Cómo influyen las emociones en nuestras reacciones y respuestas corporales

Las emociones producen siempre una respuesta corporal más o menos visible e intensa dependiendo de la importancia que tenga lo que estemos sintiendo.

Por ejemplo, si nos llama un familiar para decirnos que tiene fiebre y se encuentra mal y, que aunque no cree que sea muy grave, lo han llevado al hospital, es posible que la emoción del miedo al escuchar la noticia nos provoque palpitaciones, temblor en la voz y en el cuerpo o sudoración.

Nuestro cerebro no distingue entre lo real y lo imaginario. Si tenemos una pesadilla, a pesar de que nos despertemos y nos demos cuenta de que todo ha sido un maI sueño, nuestro cerebro y nuestro cuerpo reaccionan exactamente igual que si la situación fuera reaI (nos despertamos de golpe, sabemos que estamos en la habitación, pero sufrimos sudoración, palpitaciones...). Esto también les ocurre a nuestros hijos. ¿Cuántas veces se han despertado llorando y temblando después de haber tenido una pesadilla?
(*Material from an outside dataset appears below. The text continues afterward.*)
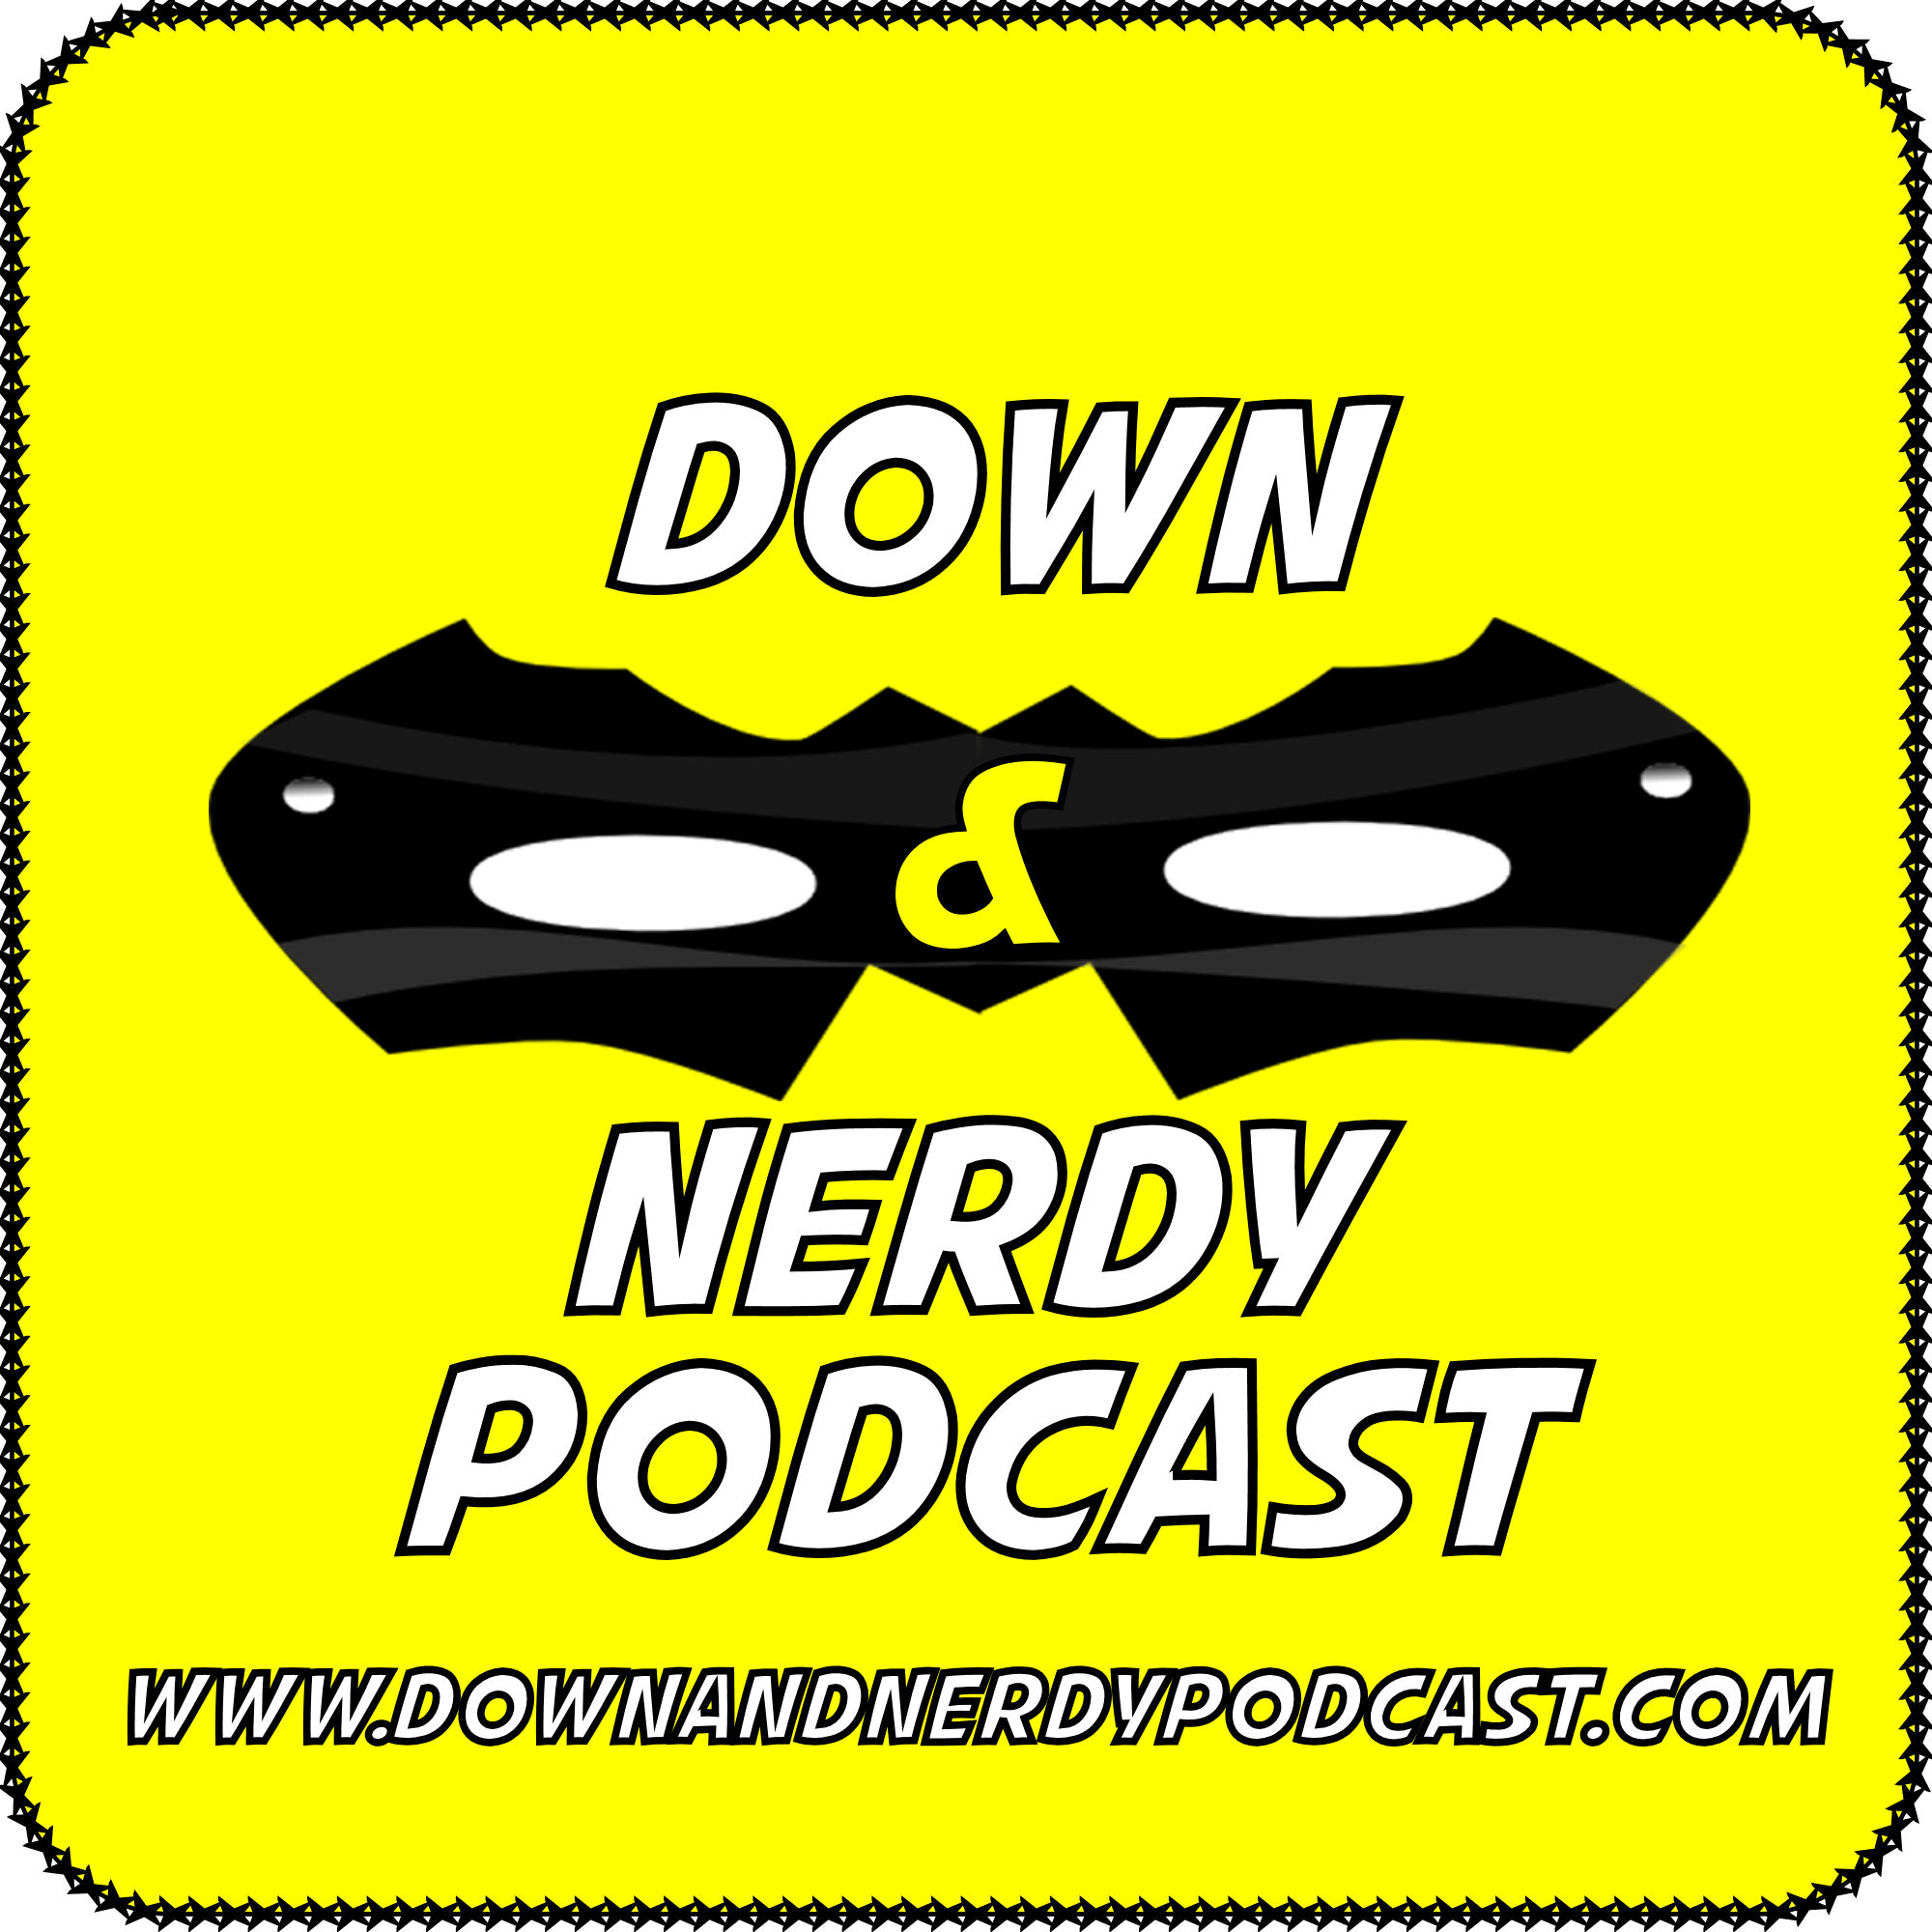 Artwork for Ep 366 - The Nevers & DC's Legends of Tomorrow - Rochelle Neil, Vinnie Heaven & Adam Tsekhman Interviews

Pensemos en los efectos que puede tener revivir continuamente un suceso negativo o traumático que nos haya sucedido. De alguna manera volve­mos a sufrir innecesariamente.

De ahí la importancia de aprender a superar los problemas de forma positiva y práctica. No sirve de nada dar vueltas y más vueltas a algo que ya ha sucedido, ya que nuestra mente y nuestro cuerpo sufrirían una y otra vez las consecuencias de las emociones negativas.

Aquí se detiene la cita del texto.